■ Problem details ■
Retype, exactly and completely, the listing that comes next, skipping its images.

(Data provided)

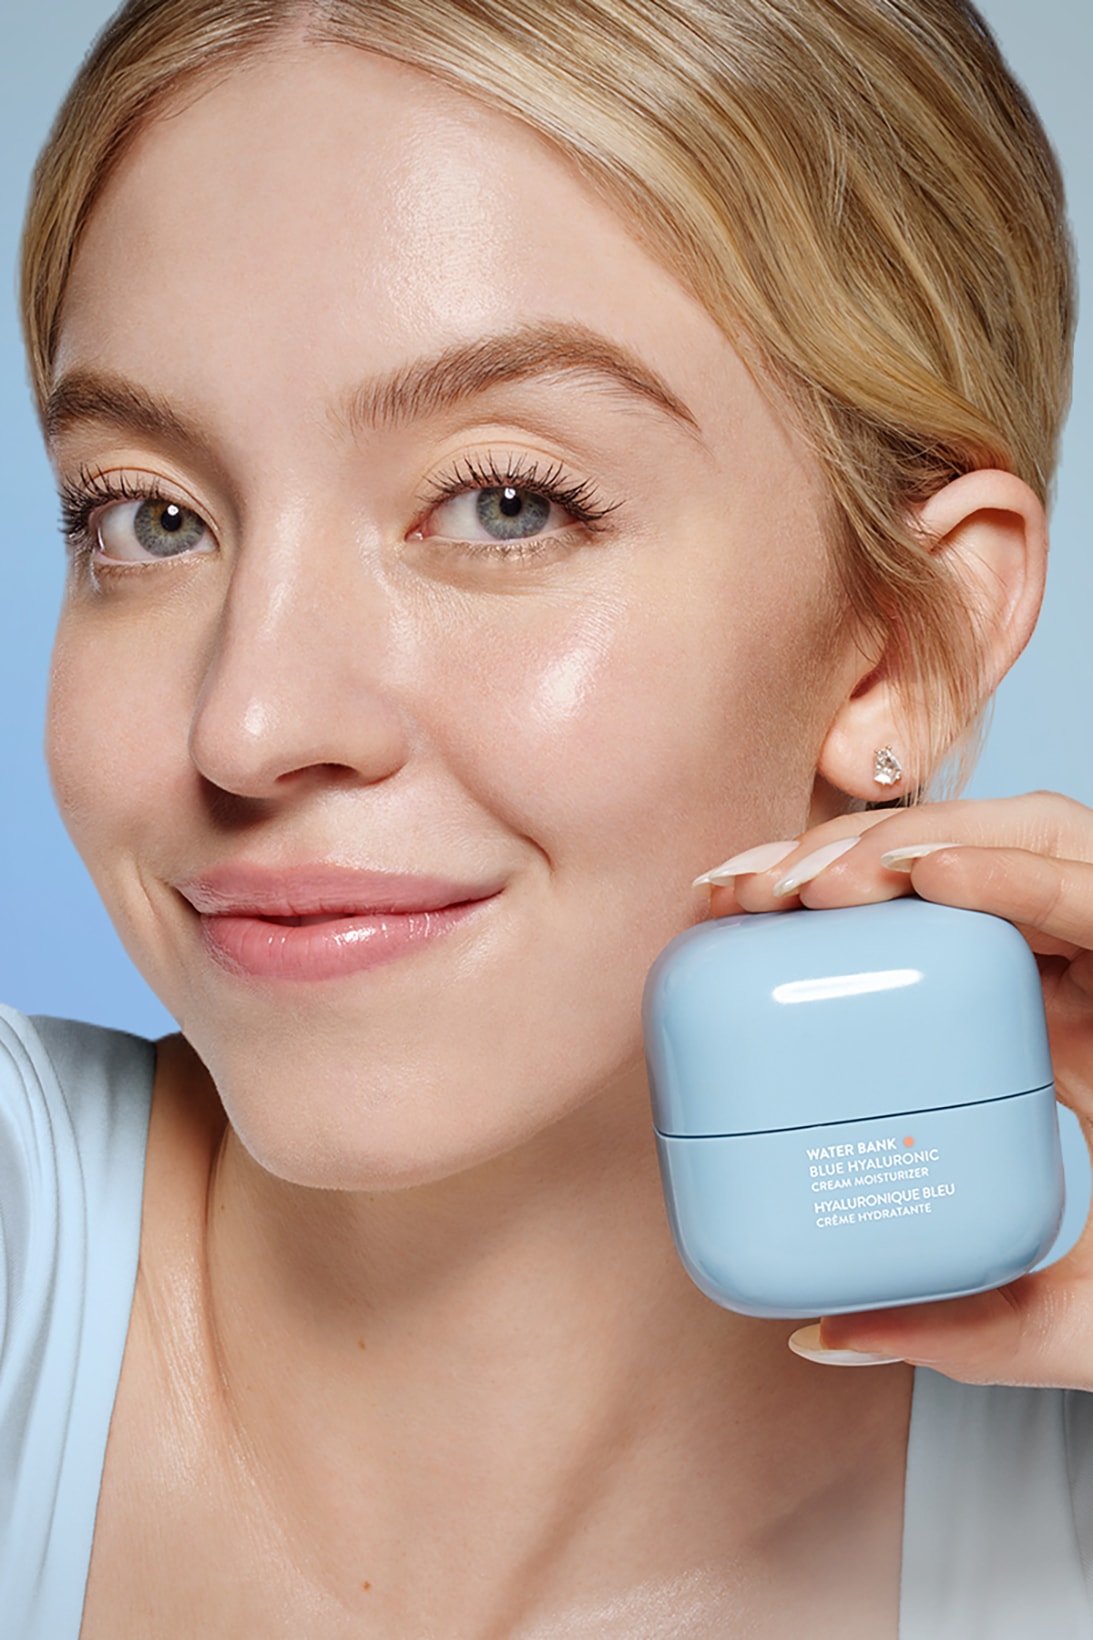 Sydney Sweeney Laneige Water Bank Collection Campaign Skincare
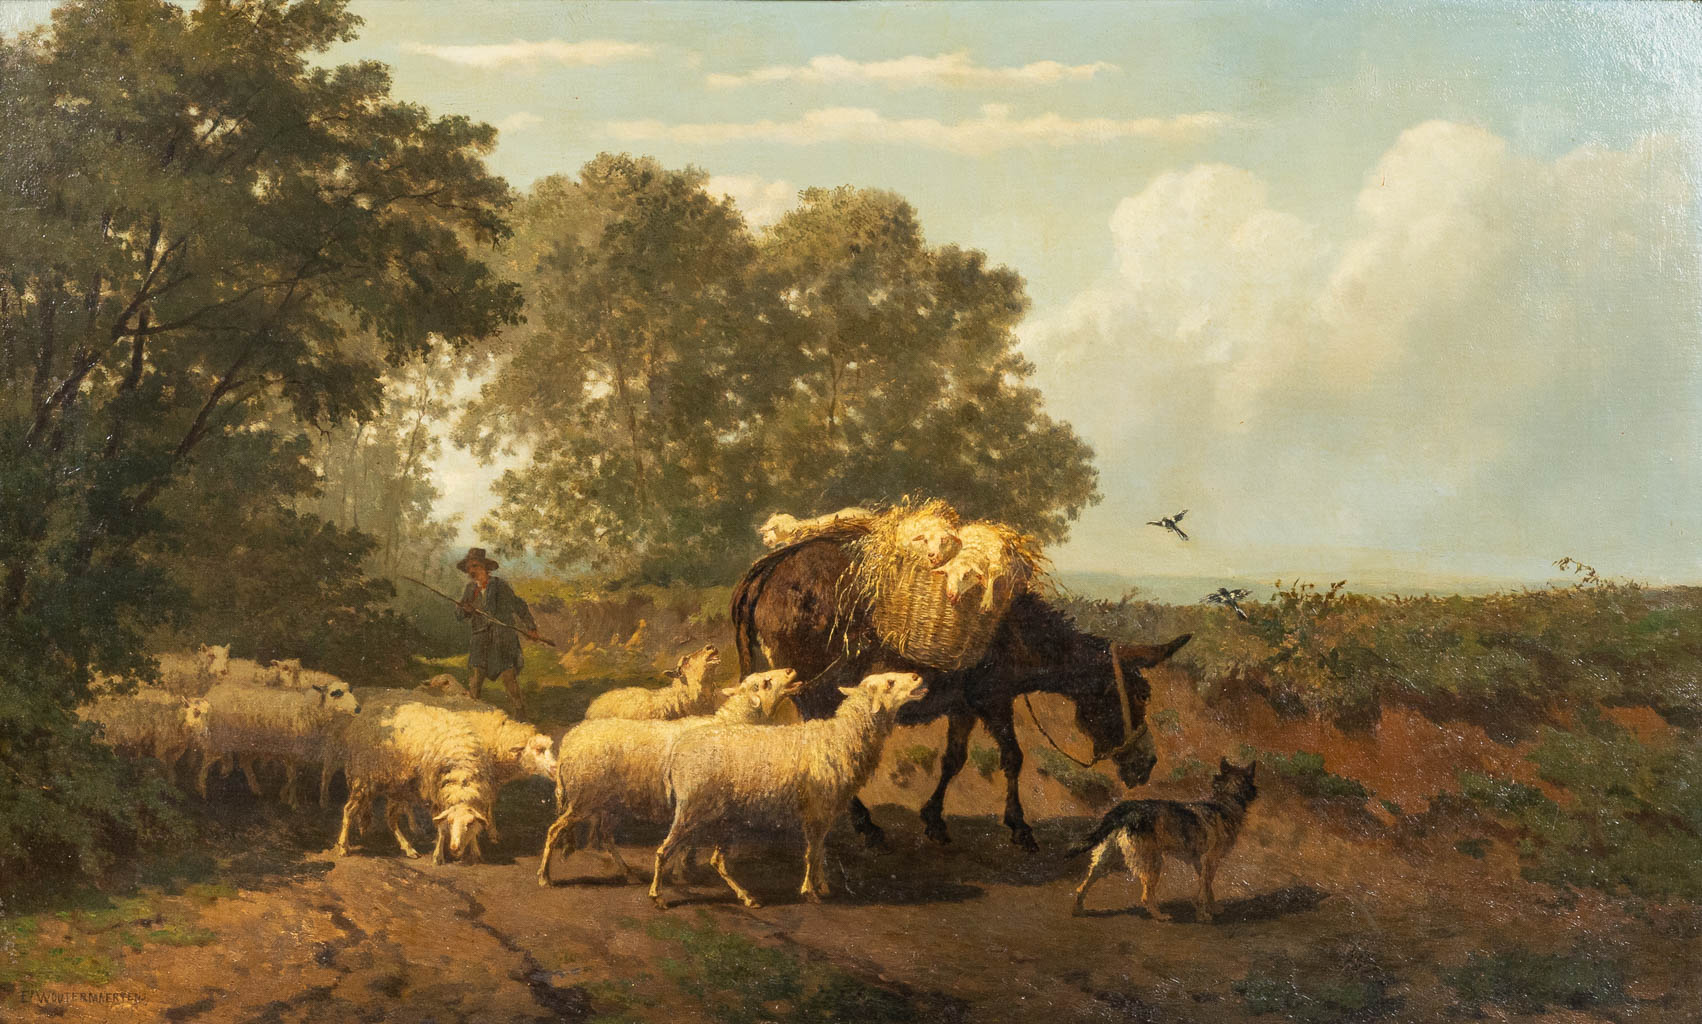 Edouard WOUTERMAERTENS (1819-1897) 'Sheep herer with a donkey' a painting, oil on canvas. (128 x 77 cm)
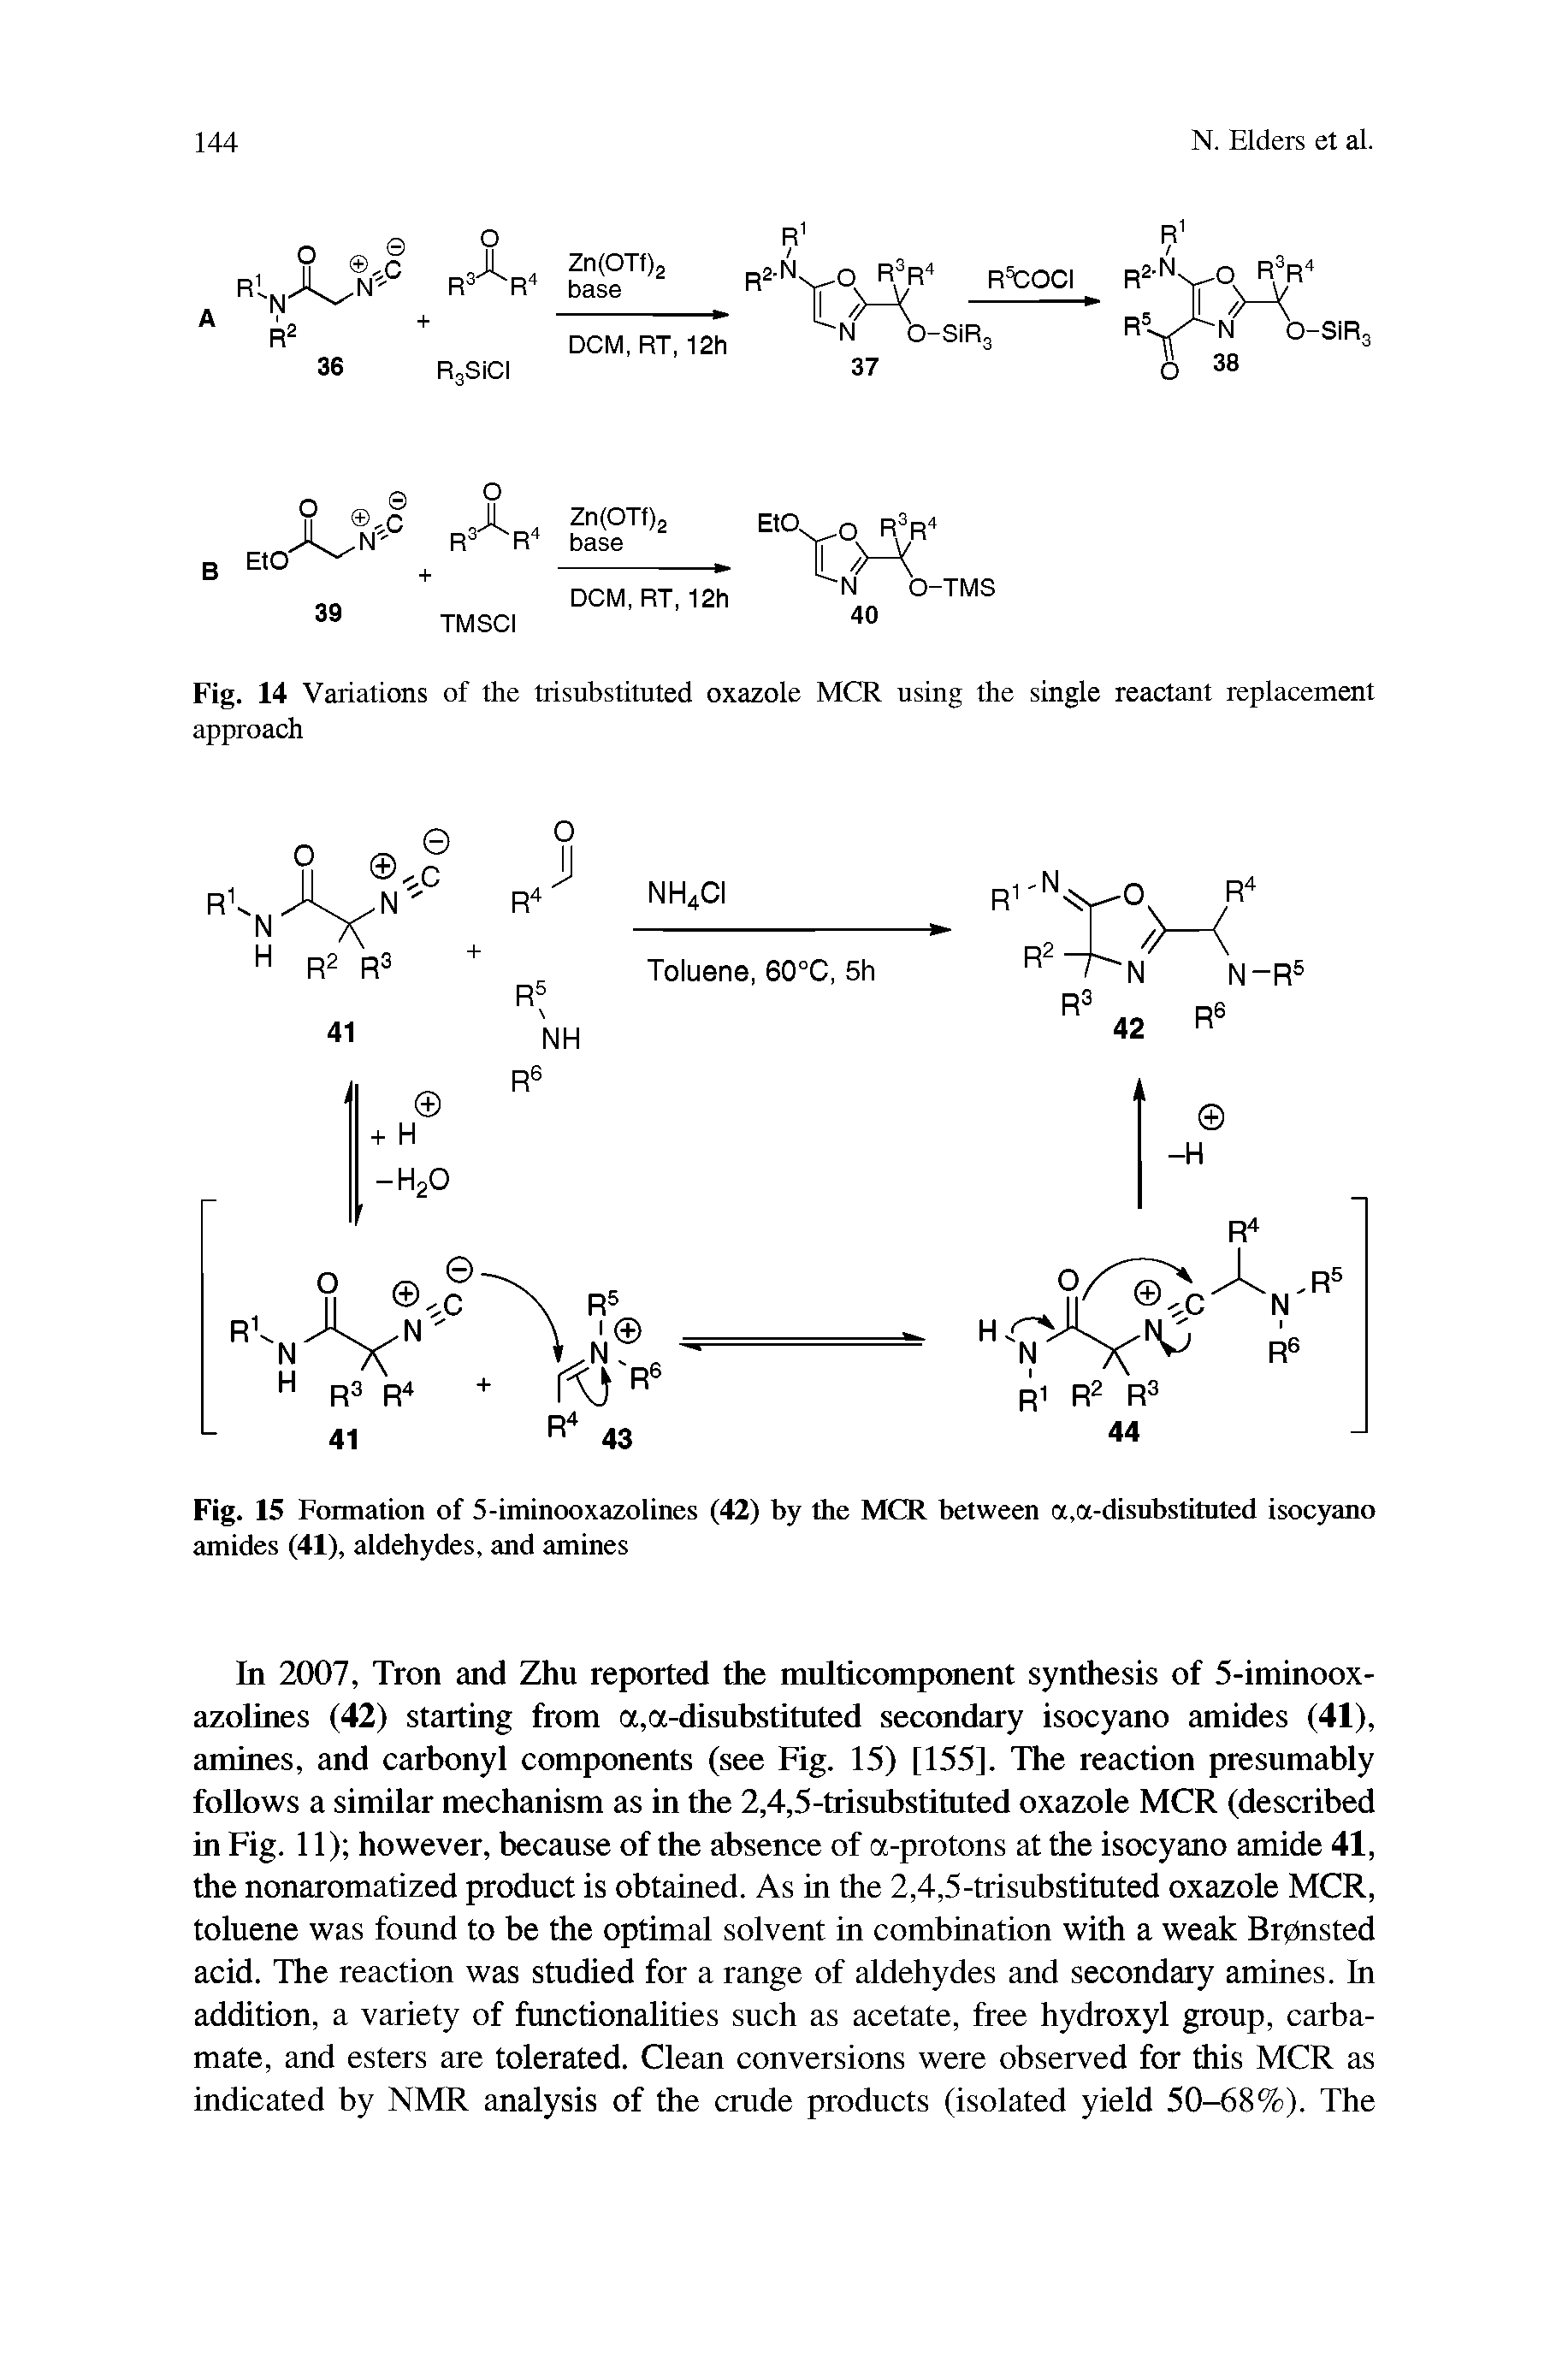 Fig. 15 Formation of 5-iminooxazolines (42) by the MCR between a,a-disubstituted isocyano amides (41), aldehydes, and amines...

(End Data provided)

■ Answer for the task ■
 Sydney Sweeney Laneige Water Bank Collection Campaign Skincare
 Edouard WOUTERMAERTENS (1819-1897) 'Sheep herer with a donkey' a painting, oil on canvas. (128 x 77 cm)
 Fig. 15 Formation of 5-iminooxazolines (42) by the MCR between a,a-disubstituted isocyano amides (41), aldehydes, and amines...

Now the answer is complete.